Hiermee haalt u de beveiligingsdescriptor op voor een resource, zoals een bestand of registersleutel.

Syntax

Get-Acl
   [[-Path] <String[]>]
   [-Audit]
   [-Filter <String>]
   [-Include <String[]>]
   [-Exclude <String[]>]
   [<CommonParameters>]
Get-Acl
   -InputObject <PSObject>
   [-Audit]
   [-Filter <String>]
   [-Include <String[]>]
   [-Exclude <String[]>]
   [<CommonParameters>]
Get-Acl
   [-LiteralPath <String[]>]
   [-Audit]
   [-Filter <String>]
   [-Include <String[]>]
   [-Exclude <String[]>]
   [<CommonParameters>]

Description

Deze cmdlet is alleen beschikbaar op het Windows-platform.

De Get-Acl cmdlet haalt objecten op die de beveiligingsdescriptor van een bestand of resource vertegenwoordigen. De security descriptor bevat de toegangsbeheerlijsten (ACL's) van de resource. De ACL geeft de machtigingen op die gebruikers en gebruikersgroepen hebben voor toegang tot de resource.

Vanaf Windows PowerShell 3.0 kunt u de parameter InputObject van Get-Acl gebruiken om de beveiligingsdescriptor op te halen van objecten die geen pad hebben.

Voorbeelden

Voorbeeld 1: Een ACL ophalen voor een map

In dit voorbeeld wordt de security descriptor van de C:\Windows map ophaalt.

Get-Acl C:\Windows

Voorbeeld 2: een ACL ophalen voor een map met behulp van jokertekens

In dit voorbeeld worden het PowerShell-pad en de SDDL voor alle bestanden in de map waarvan de .logC:\Windows namen beginnen met sophalen.

Get-Acl C:\Windows\s*.log | Format-List -Property PSPath, Sddl

De opdracht gebruikt de Get-Acl cmdlet om objecten op te halen die de beveiligingsdescriptors van elk logboekbestand vertegenwoordigen.
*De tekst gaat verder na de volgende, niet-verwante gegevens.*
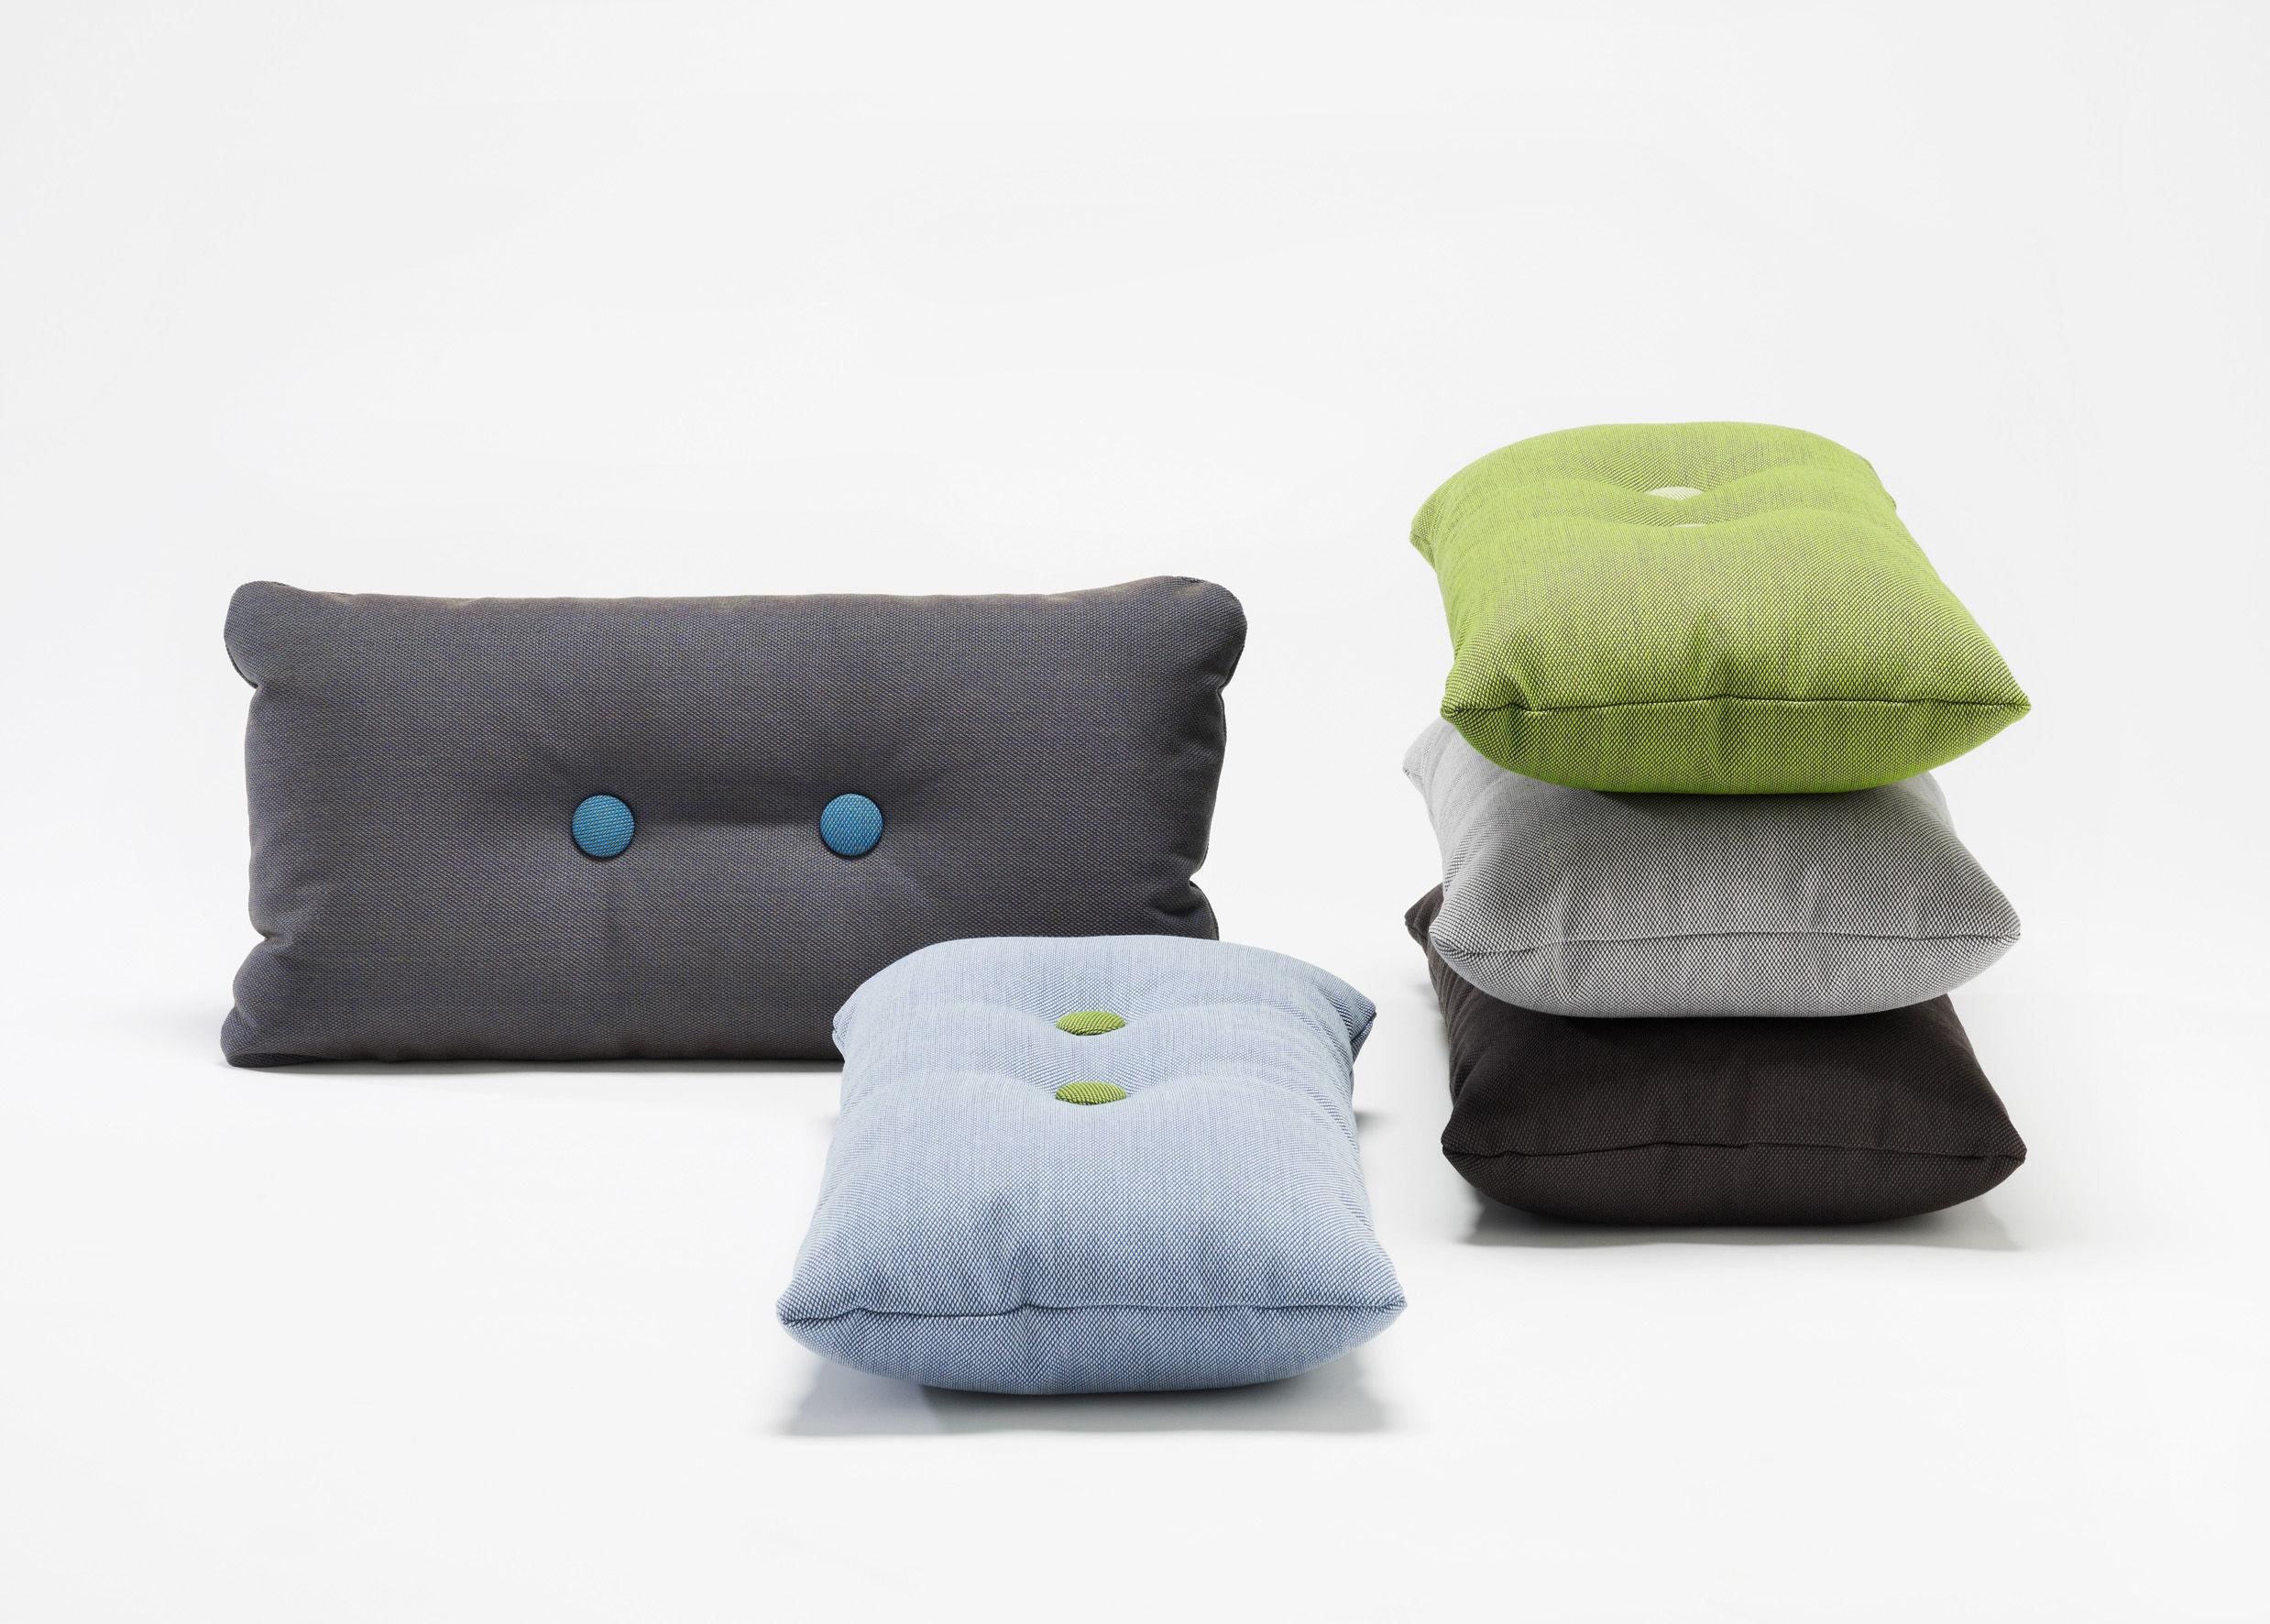 AuBergewohnlich ... Decoration   Cushions U0026 Poufs   Dot   Steelcut Trio Cushion   74 X 40 Cm
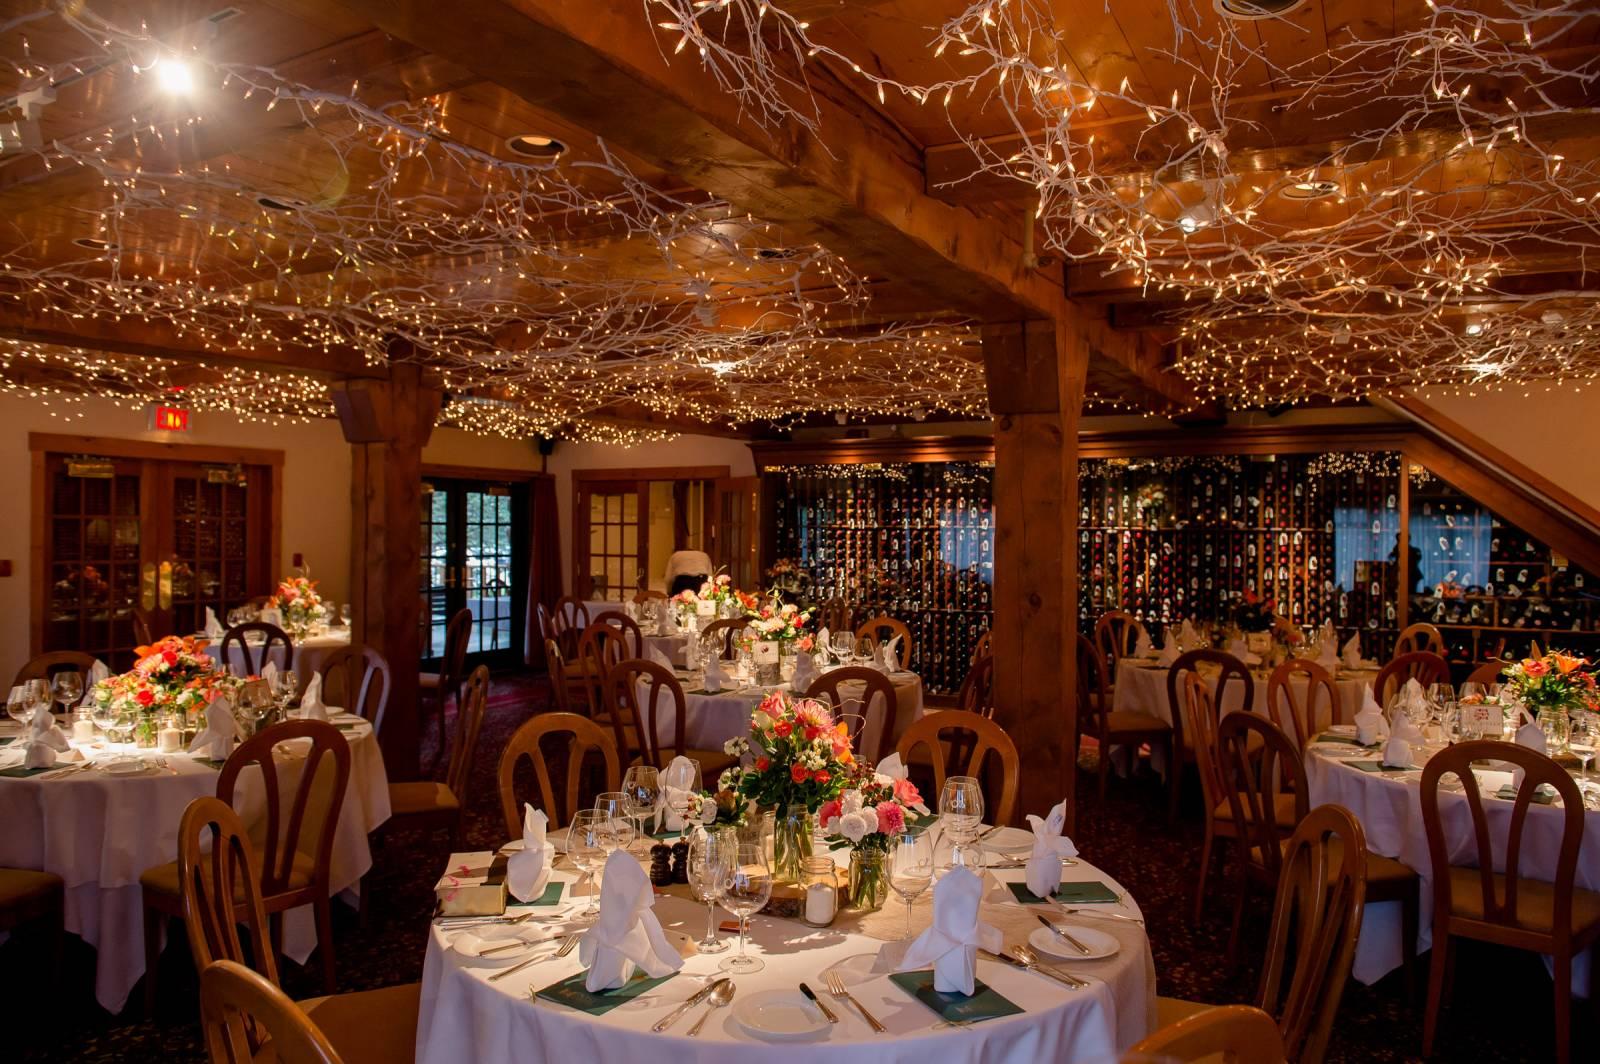 The Post Hotel Lake Louise Wedding Venue

Er wordt een pijplijnoperator (|) gebruikt om de resultaten naar de Format-List cmdlet te verzenden. De opdracht gebruikt de eigenschap parameter van Format-List om alleen de PsPath - en SDDL-eigenschappen van elk security descriptor-object weer te geven.

Lijsten worden vaak gebruikt in PowerShell, omdat lange waarden in tabellen worden afgekapt.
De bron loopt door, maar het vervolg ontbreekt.